I thought about this, but we cannot leave the subtree as a black box, because the number of vertices we can include in the set depends heavily on the structure.

As an extreme example, if one child subtree is simply a long path of $$$k$$$ vertices, then only one vertex in this path can be included in the good set (assuming the root is also included). On the other hand, if a child subtree is a star, i.e., a single vertex with $$$k - 1$$$ leaf children, then all $$$k - 1$$$ of these leaves can be included in a single good set (which also includes the root), so any subset of those leaves can be included as well.

Therefore, counting the number of good sets would require exploring the subtree, and if we were to adjust the strategy and refine it further, it would eventually lead to tree DP, as opposed to a pure combinatorics approach.

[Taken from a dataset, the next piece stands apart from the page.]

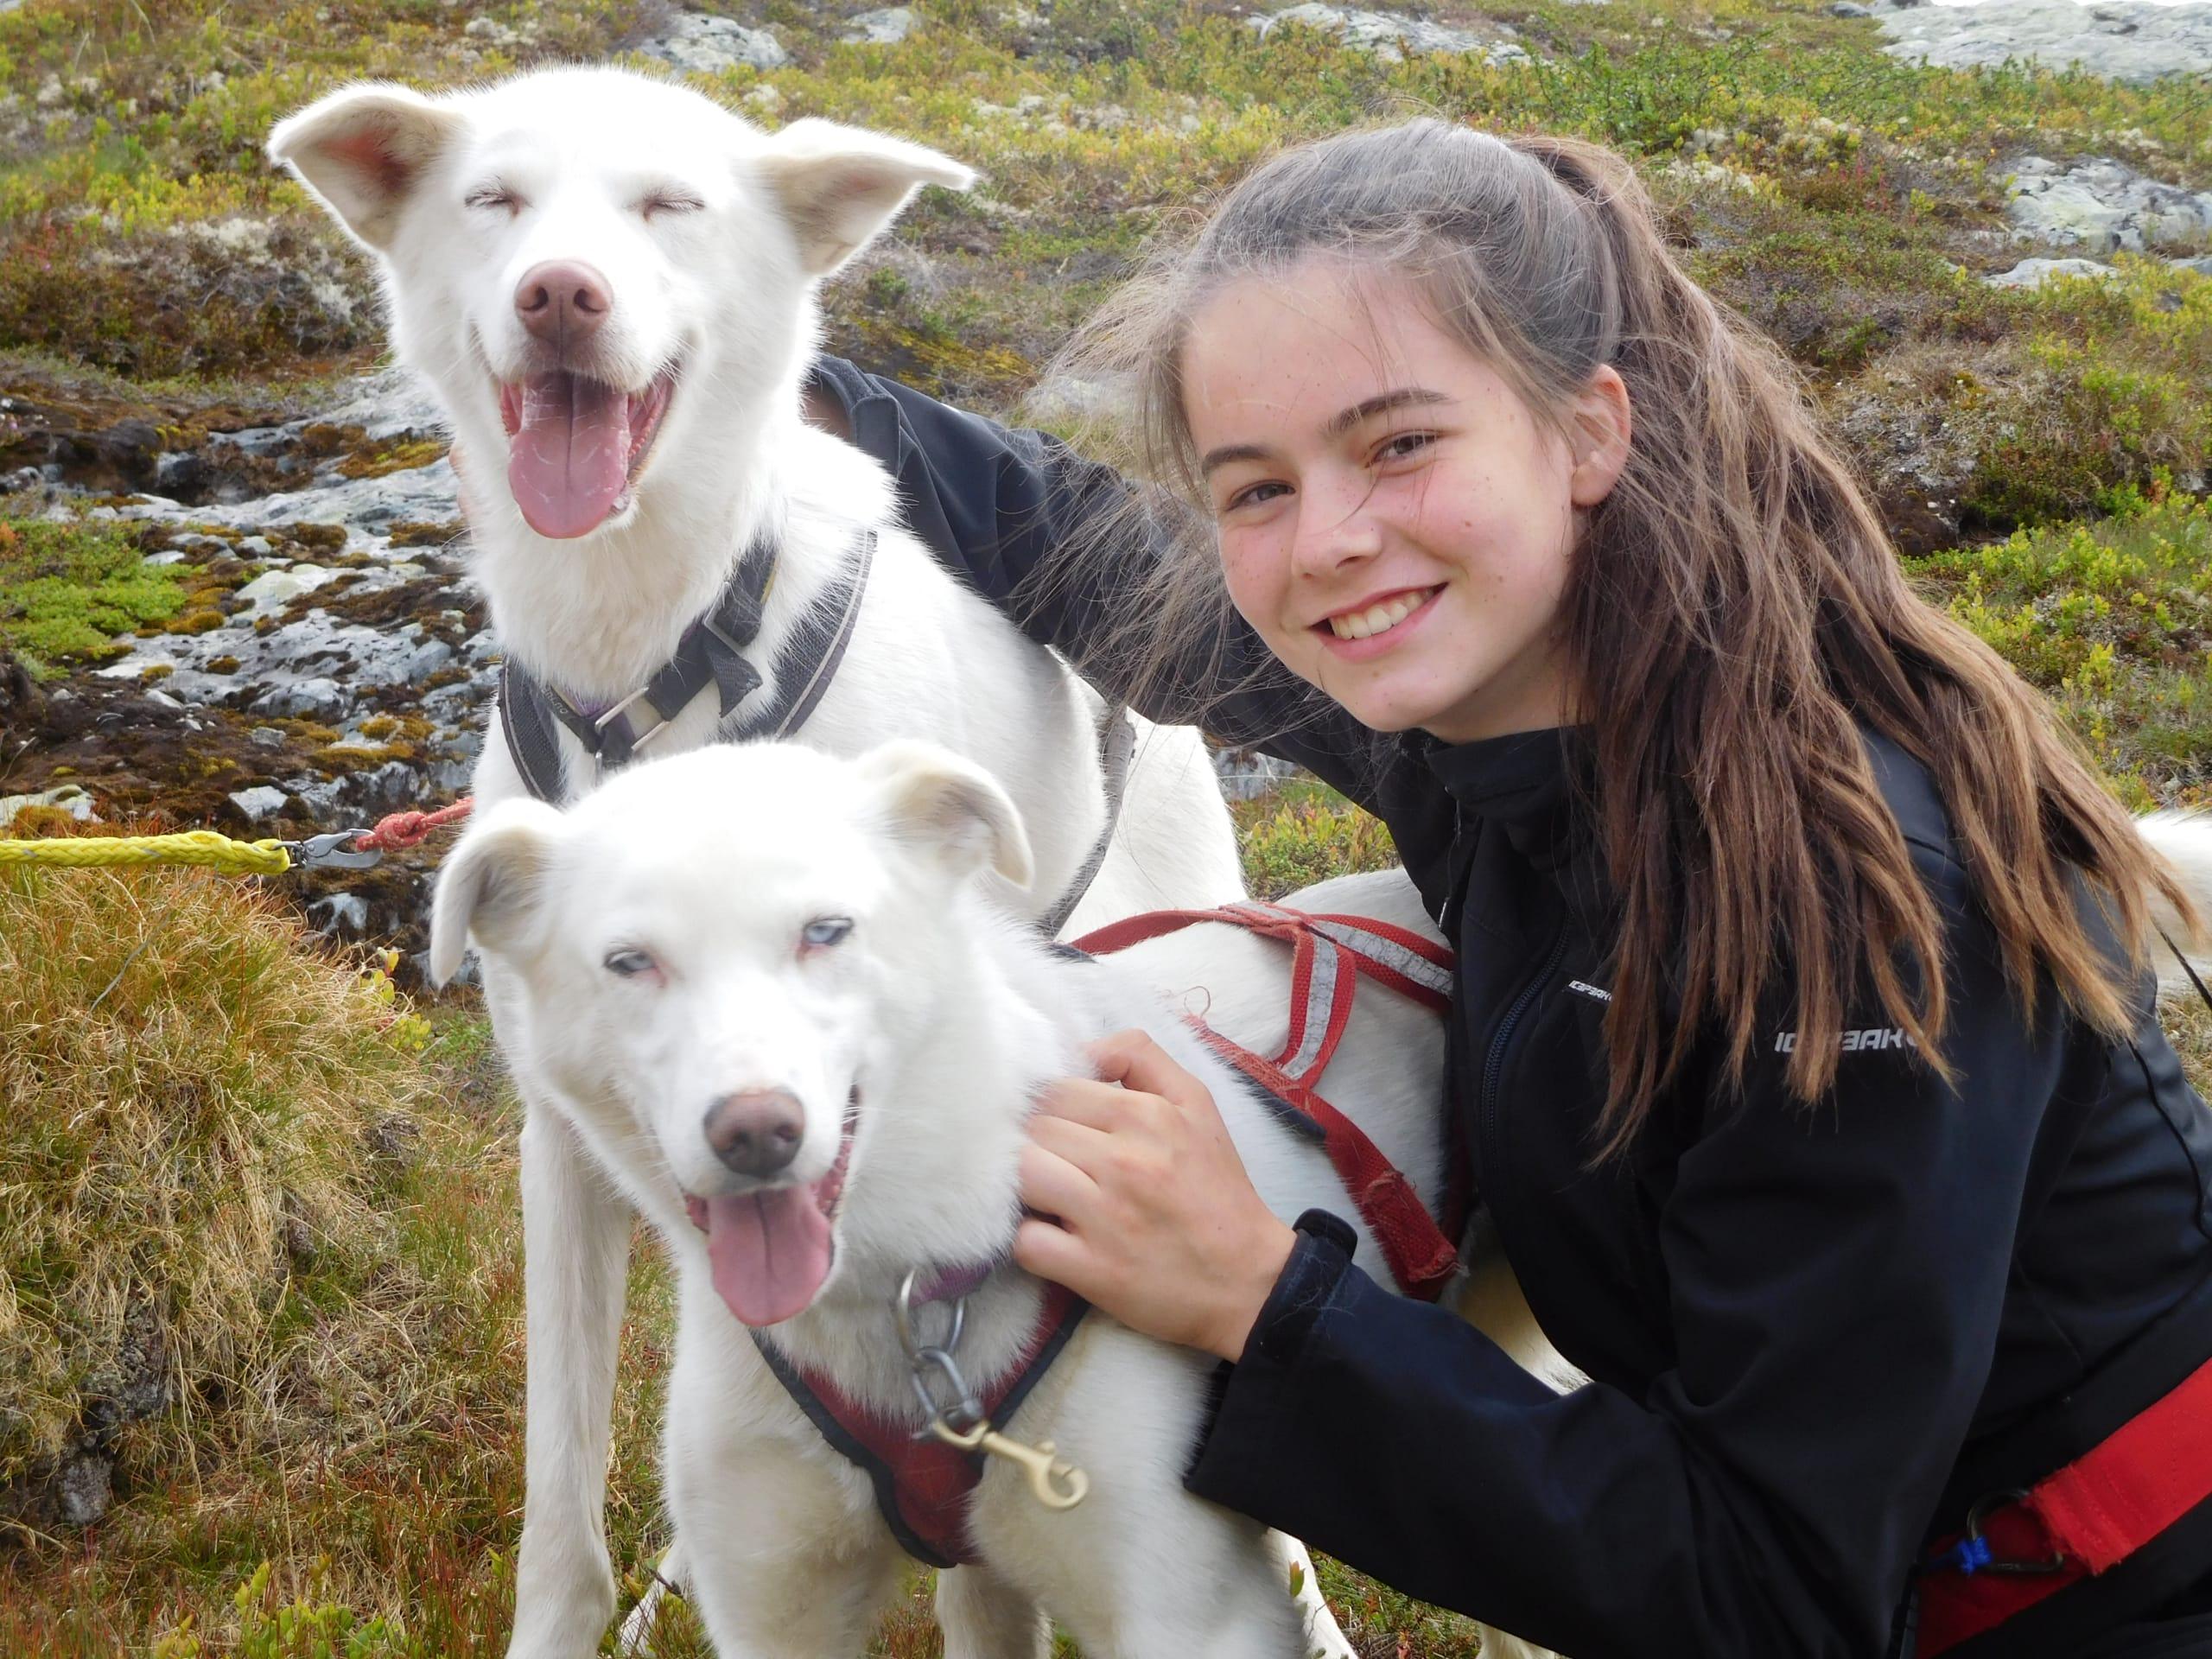 Friendly huskies on a mountain hike

Actually we can leave the subtree as a black-box,

and just store the number of leafs in the subtree,

UPDATEDJust count good sets consisting of 2, 1 or empty node separately, that would be n+1+(nC2) (number of nodes+empty set+ taking 2 nodes at a time),

then for the root's every direct children i's subtree, let num[i] be number of leafs in that subree node node i,

we add in the answer+= (2^(num[i])-1)-(C(num[i],1)); (for counting sets of size greater than two)

because taking leafs(and considering them as part of good set) from different direct children will make the bad intersections 3, in path among these three vertices only.

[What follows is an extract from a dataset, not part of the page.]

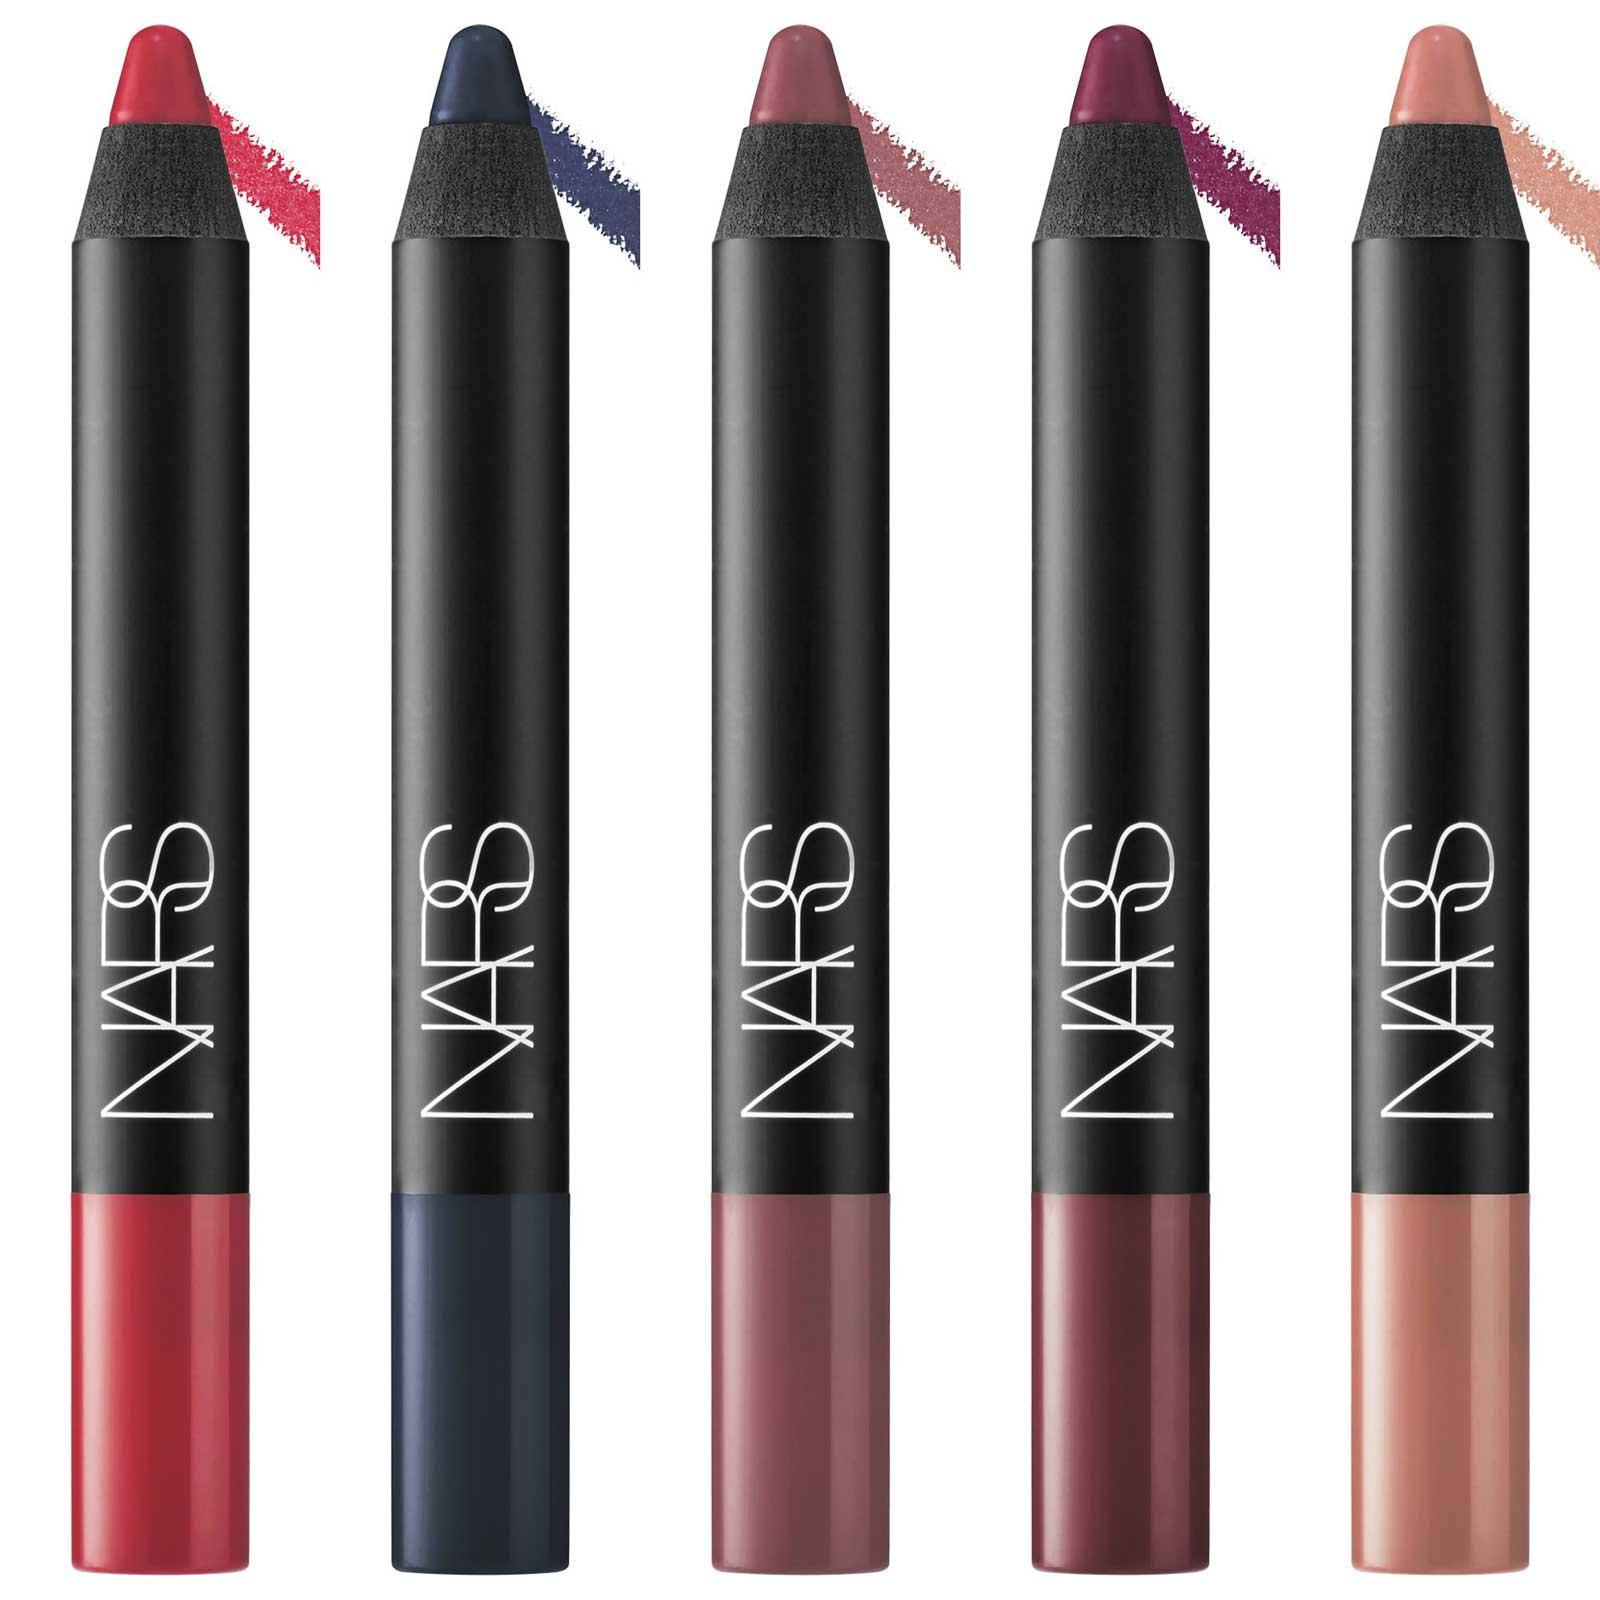 1-nars-velvet-matte-lip-pencil-shade-extension-for-spring-2017

And we can easily reroot the number of leafs in direct children.

There would be just problem of over-counting which I was thinking to solve with inclusion-exclusion but couldn't so asking

For example , taking sample testcase

3->4, 3->2, 3->1

Test case approach explanationlet ans=0

considering nodes of size 1,2,or 0 = 4+6+1=11

taking 3 as root, considering every direct child contribution in good set of size 3 = 3* (2^1-1)-C(1,1)

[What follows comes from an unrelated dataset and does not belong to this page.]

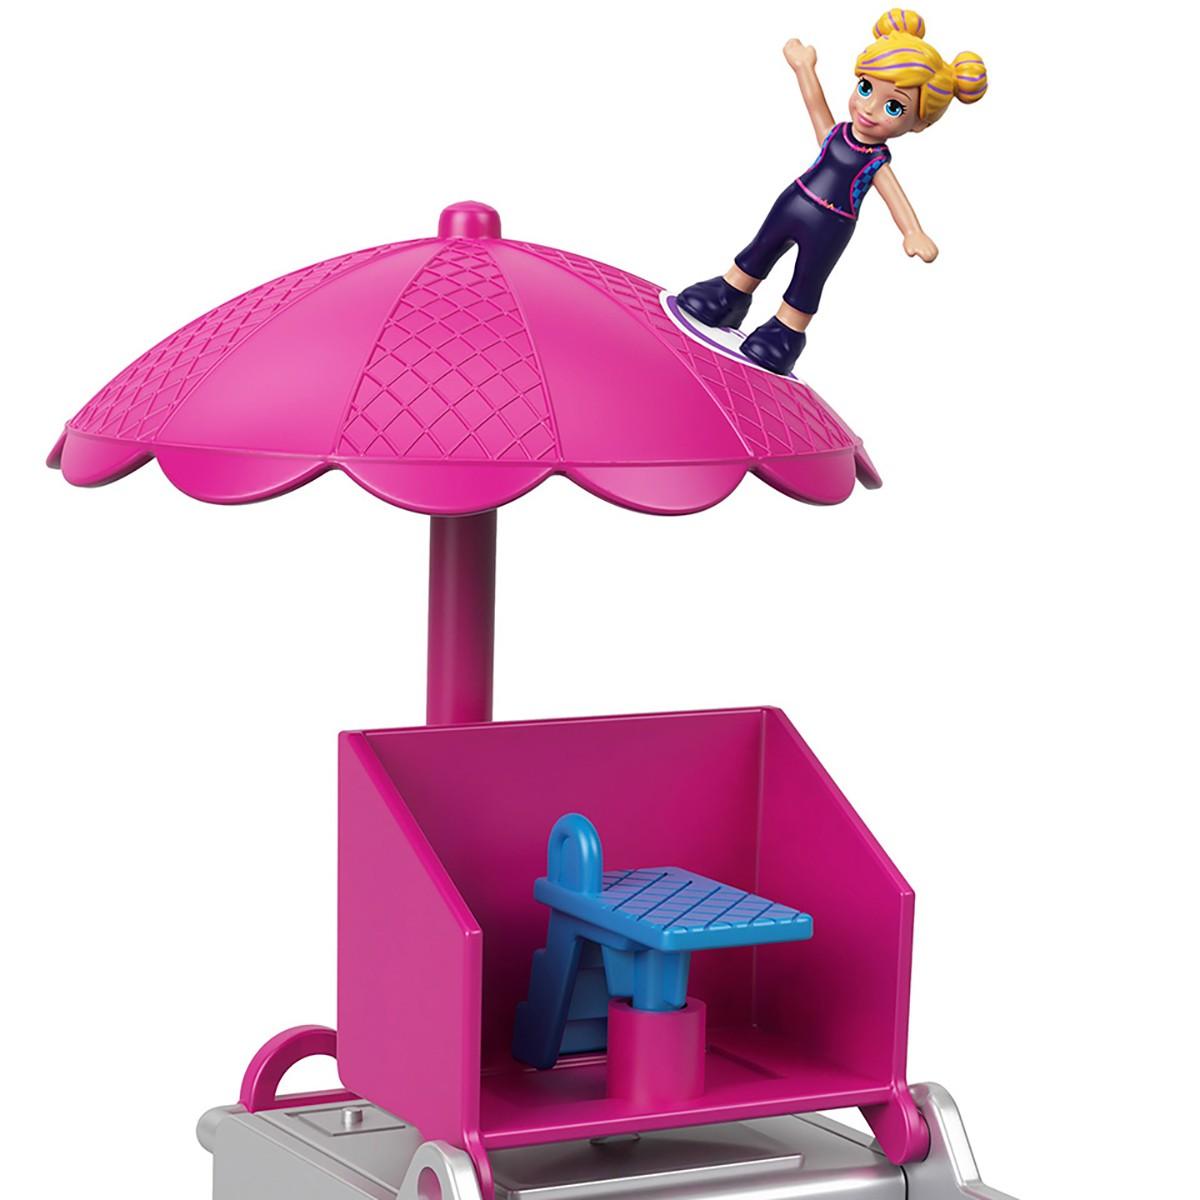 Polly Pocket Piscina Surpresa GFK51 Mattel

taking 4 as root, considering every direct child contribution in good set of size 3 = (2^2-1)-C(2,1)=3-2=1

taking 2 as root, considering every direct child contribution in good set of size 3 = (2^2-1)-C(2,1)=3-2=1

taking 1 as root, considering every direct child contribution in good set of size 3 = (2^2-1)-C(2,1)=3-2=1

but 3-sized sets contribution will be overcounted thrice, so actual contribution of 3-sized sets= (0+1+1+1)/3=1

so total ans+=1, which is ans=11+1= 12

I don't think number of leaves would suffice to characterize the subtree. For example, suppose a subtree has four vertices and two leaves. Then some of the possible scenarios include:

1) subtree root has one child, which has two leaf children. Considering all subsets of the leaves gives us 4 sets that you accounted for, but there are also two more: the set with only the subtree root and the set with only the child of the subtree root, so there are six in total.

2) subtree root has two children, one of which is a leaf while the other has a leaf child. Again, the subsets of the leaves give us 4 sets, but now there are three more: the set with only the subtree root, the set with only the non-leaf child of the subtree root, and the set with both children of the subtree root.

Unless I'm misunderstanding how you're counting the sets, it seems 2^{number of leaves} is insufficient, and the actual number can be different even for the same number of vertices with the same number of leaves.

Actually it seems to suffice to chracterize the subtree in this case.

If you look at the explanation I gave above,

I counted vertex sets of size 0,1,2 separately, which would allow me to handle all the cases.

Like your example

1) total sets = empty set + (1-cardinality set) + (2 cardinality set) + (**3+** cardinality set )

Note 3+ cardinality set is calculated by considering the leafs in the subtree of direct children of root, not by associating or taking any two vertices from different direct children at the same time because 3 vertices will be bad in a path which we don't wantcurrent ans= 1 + 4 + C(4,2) + (3+ cardinality sets)

for first case structurefor current root, 3+ cardinality sets will be (2^2-1)-(2)= 1

for second case structurefor current root 3+ sets will be = (2^1-1)-1 + (2^1-1)-1 = 0 ,

becuase every possible thing has already accoounted for, and now if I do re-rooting and removing over-countings, i would get the current answer.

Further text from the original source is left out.